Tiny homes are big right now. Not just in Colorado but all around the West. And while affordability and necessity are two big reasons for their popularity, they are also attracting great interest for their attractive, ingenious architecture and environmentally-friendly construction.

They are also providing solutions to housing dilemmas. A rural school district in Arizona has built a tiny home community to provide affordable in-district housing for teachers. In Denver, the Beloved Community Village, a tiny home enclave in the RiNo neighborhood built to house homeless residents, just celebrated its one-year anniversary, fulfilling its original intent of providing shelter for those most in need.

Tiny homes are here in Durango as well. Some are parked on private land while others are nestled in local mobile home parks. Down on Sawmill Road, Rocky Mountain Tiny Houses is building and selling beautiful, customized versions within the city limits.

Tiny home dwellers accumulate experiences instead of possessions, they say. Owners are free to pursue the lifestyle they envision in places like Durango instead of spending all their time working, sometimes at multiple jobs, to afford traditional housing.

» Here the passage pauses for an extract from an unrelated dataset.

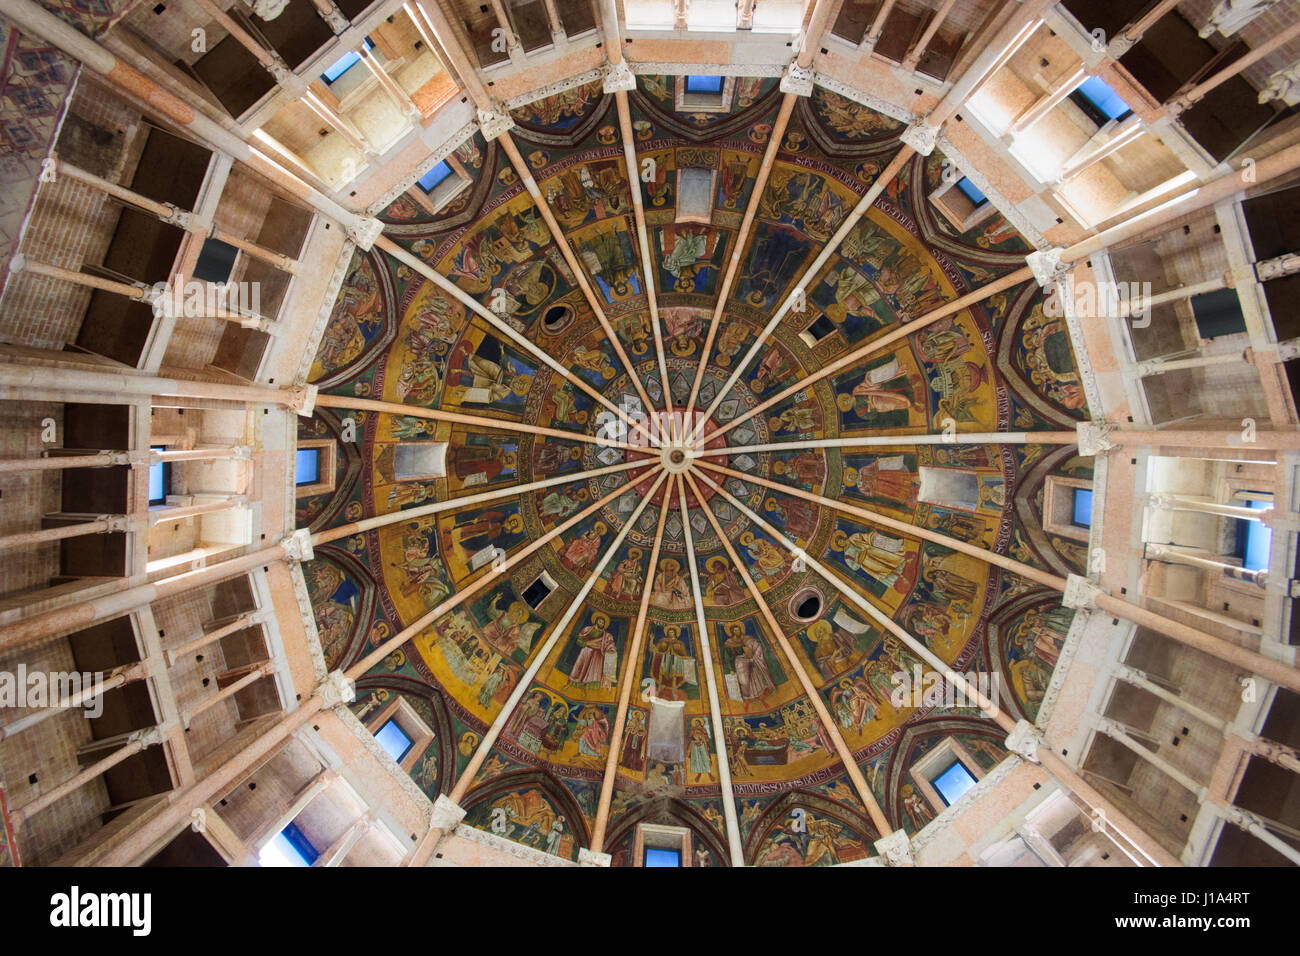 PARMA, Italien - 22. Januar 2015: Das Deckenfresko in der Taufkapelle von Parma, Emilia-Romagna, Italien Stockfoto

Tiny home options work for young couples looking to own their first home, and can also work well for seniors who no longer need so much space and cannot maintain the traditional, larger home they once needed for a family. For those well-versed in the tiny home mantra, these compact dwellings are the answer to our affordable housing crisis.

Critics are far from convinced. They decry the tiny house movement as a millennial trend that will soon pass, and label tiny house developments “gentrified trailer parks.” Close analysis reveals that tiny houses may not be a good investment at all, critics say, and a mix of tiny homes and traditional housing in a neighborhood will likely result in a sharp drop in property values for owners of the larger, traditionally built homes.

Those points might be debatable, but this is not: The “tiny” lifestyle does not work for everyone, even in planned communities that provide parks, gardens and other shared amenities in addition to spaces for tiny homes. A tiny house may seem ideally romantic to a young couple in love, but the arrival of a first child or, heaven forbid, twins, may turn the cosy dwelling into a claustrophobic cell.

Former La Plata County Commissioner Bob Lieb has proposed a 22-space tiny house development, Escalante Village, on Baker Lane near Escalante Middle School. The Durango Planning Commission has approved the plan, and some 500 people have showed interest in the project by signing up to receive more information.

We are intrigued as well, and more than that, are hoping the city approves the project when it comes before the council later this month. Tiny homes do not belong everywhere, nor are they the compact-size-fits-all answer to all of our housing woes, as some promoters would have us believe.

But as one part of the many solutions that we must implement to address Durango’s acute affordable housing problem – and maybe a way to help some of our chronic homeless residents – we are ready to try.